Where can I find the latest Maharashtra Board Class 12 Maths Part 1 Chapter 2 Matrices Miscellaneous Solutions for the 2026-27 session?

The complete and updated Maharashtra Board Class 12 Maths Part 1 Chapter 2 Matrices Miscellaneous Solutions is available for free on StudiesToday.com. These solutions for Class 12 Maths Commerce are as per latest MSBSHSE curriculum.

Are the Maths Commerce MSBSHSE solutions for Class 12 updated for the new 50% competency-based exam pattern?

Yes, our experts have revised the Maharashtra Board Class 12 Maths Part 1 Chapter 2 Matrices Miscellaneous Solutions as per 2026 exam pattern. All textbook exercises have been solved and have added explanation about how the Maths Commerce concepts are applied in case-study and assertion-reasoning questions.

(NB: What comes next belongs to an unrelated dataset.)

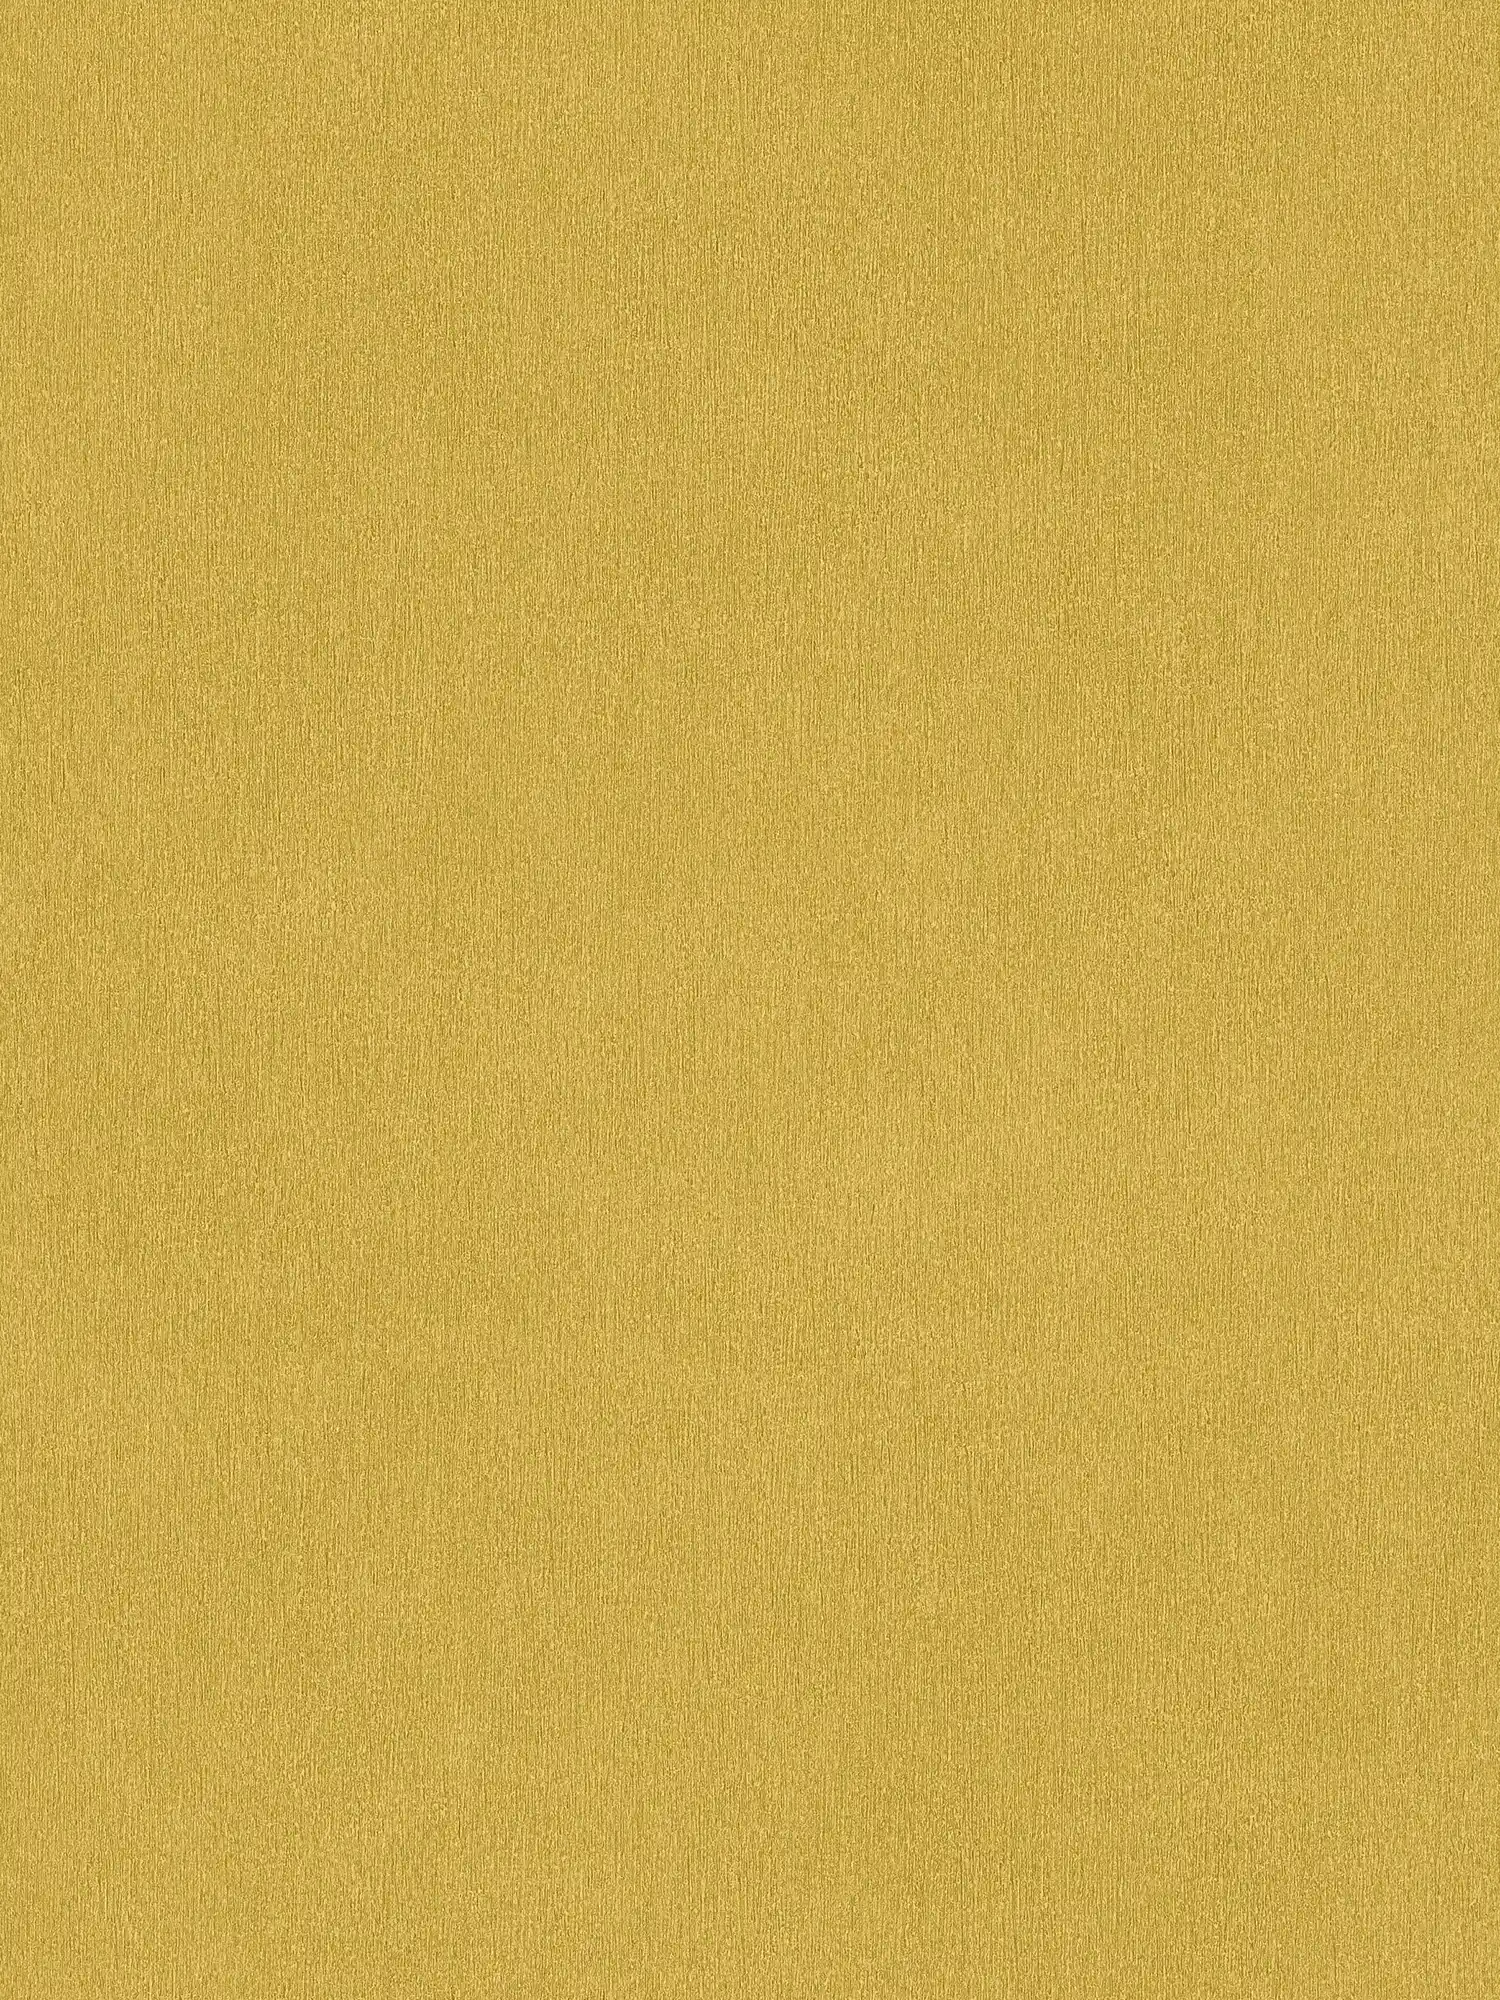 Gelbe Tapete einfarbig mit Farbstruktur, glatt & seidenmatt

How do these Class 12 MSBSHSE solutions help in scoring 90% plus marks?

Toppers recommend using MSBSHSE language because MSBSHSE marking schemes are strictly based on textbook definitions. Our Maharashtra Board Class 12 Maths Part 1 Chapter 2 Matrices Miscellaneous Solutions will help students to get full marks in the theory paper.

Do you offer Maharashtra Board Class 12 Maths Part 1 Chapter 2 Matrices Miscellaneous Solutions in multiple languages like Hindi and English?

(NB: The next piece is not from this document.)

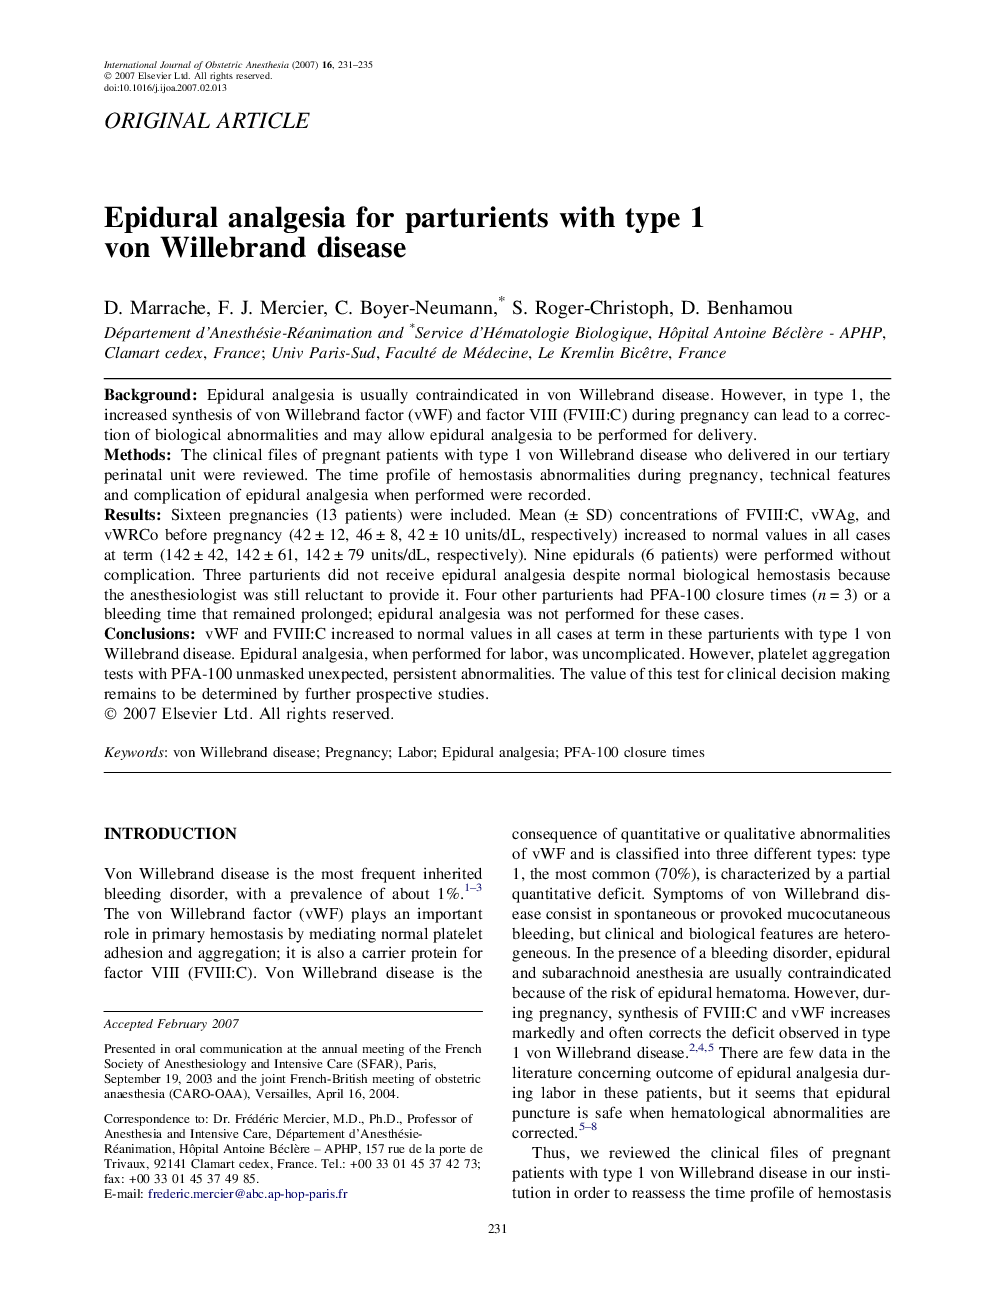 Epidural analgesia for parturients with type 1 von Willebrand disease

Yes, we provide bilingual support for Class 12 Maths Commerce. You can access Maharashtra Board Class 12 Maths Part 1 Chapter 2 Matrices Miscellaneous Solutions in both English and Hindi medium.

Is it possible to download the Maths Commerce MSBSHSE solutions for Class 12 as a PDF?

Yes, you can download the entire Maharashtra Board Class 12 Maths Part 1 Chapter 2 Matrices Miscellaneous Solutions in printable PDF format for offline study on any device.